Welcome to Francis Academic Press

Academic Journal of Computing & Information Science, 2024, 7(5); doi: 10.25236/AJCIS.2024.070501.

Dual Subnet Label Assignment for End-to-End Fully Convolutional Pedestrian Detection in Crowd Scenes

Author(s)

Jing Wang1, Xiangqian Li1, Huazhu Xue2, Zhanqiang Huo1

Corresponding Author:
Zhanqiang Huo
Affiliation(s)

1School of Software, Henan Polytechnic University, Jiaozuo, China

2School of Surveying and Land Information Engineering, Henan Polytechnic University, Jiaozuo, China

Abstract

The fully convolutional detector uses a one-to-one (O2O) label assignment strategy removing NMS post-processing operations and realizes end-to-end detection. However, limited positive samples lead to slow convergence of the full convolutional end-to-end detector in crowded scenes. In this paper, we propose a Dual Subnet Label Assignment network (DSLA), which accelerates the model convergence to improve the detection performance and achieves end-to-end detection pipeline.
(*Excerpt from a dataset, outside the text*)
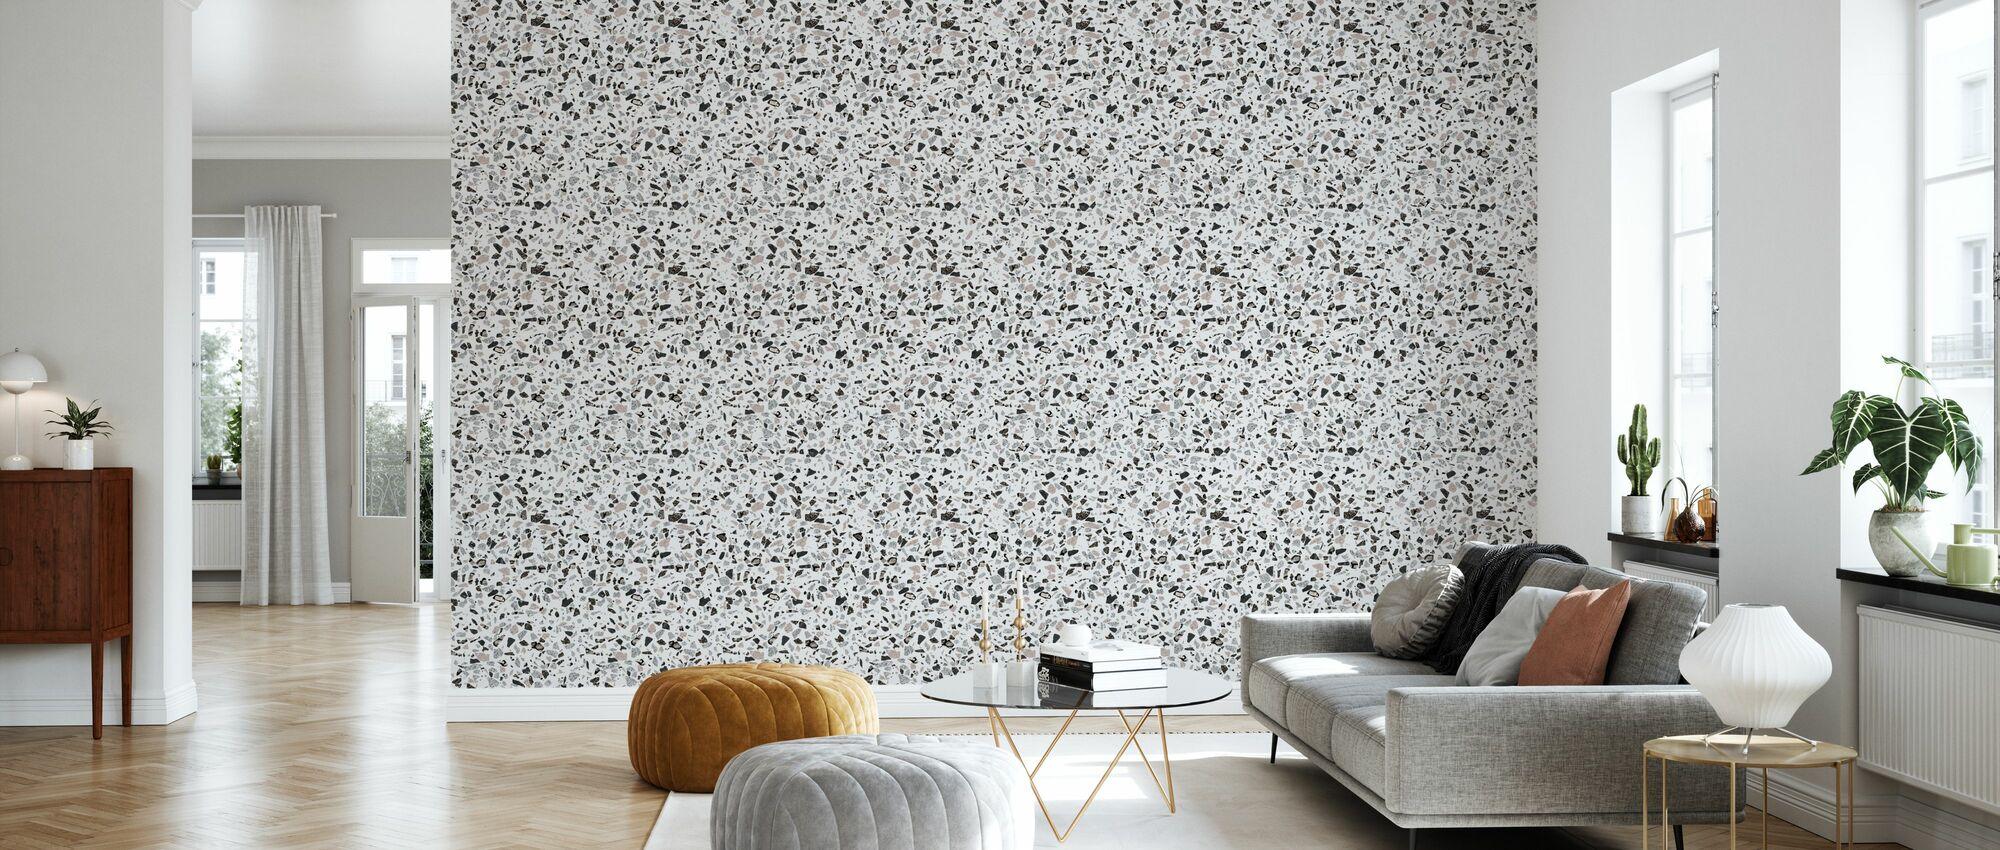 Holy Granite - Grey - Wallpaper - Living Room

First, we present Soft Label Assignment (SLA), which utilizes soft anchors with positive and negative sample semantics for model learning and accelerates model convergence. Meanwhile, SLA assigns labels to occluded targets in crowded scenes. We combine the SLA branch and the O2O branch for co-training, and achieve end-to-end detection through the O2O branch. Finally, we propose Feature Shuffle to solve the problem of lack of information interaction between different feature layers and highlight the features of the occluded part in a crowded scenes. Experiments demonstrate that DSLA outperforms OneNet in terms of model convergence speed and detection performance. Especially, on the CrowdHuman dataset, our method outperforms SOTA, achieving 91.7 AP, 47.2 MR-2, 80.3 JI, and 98.5 Recall.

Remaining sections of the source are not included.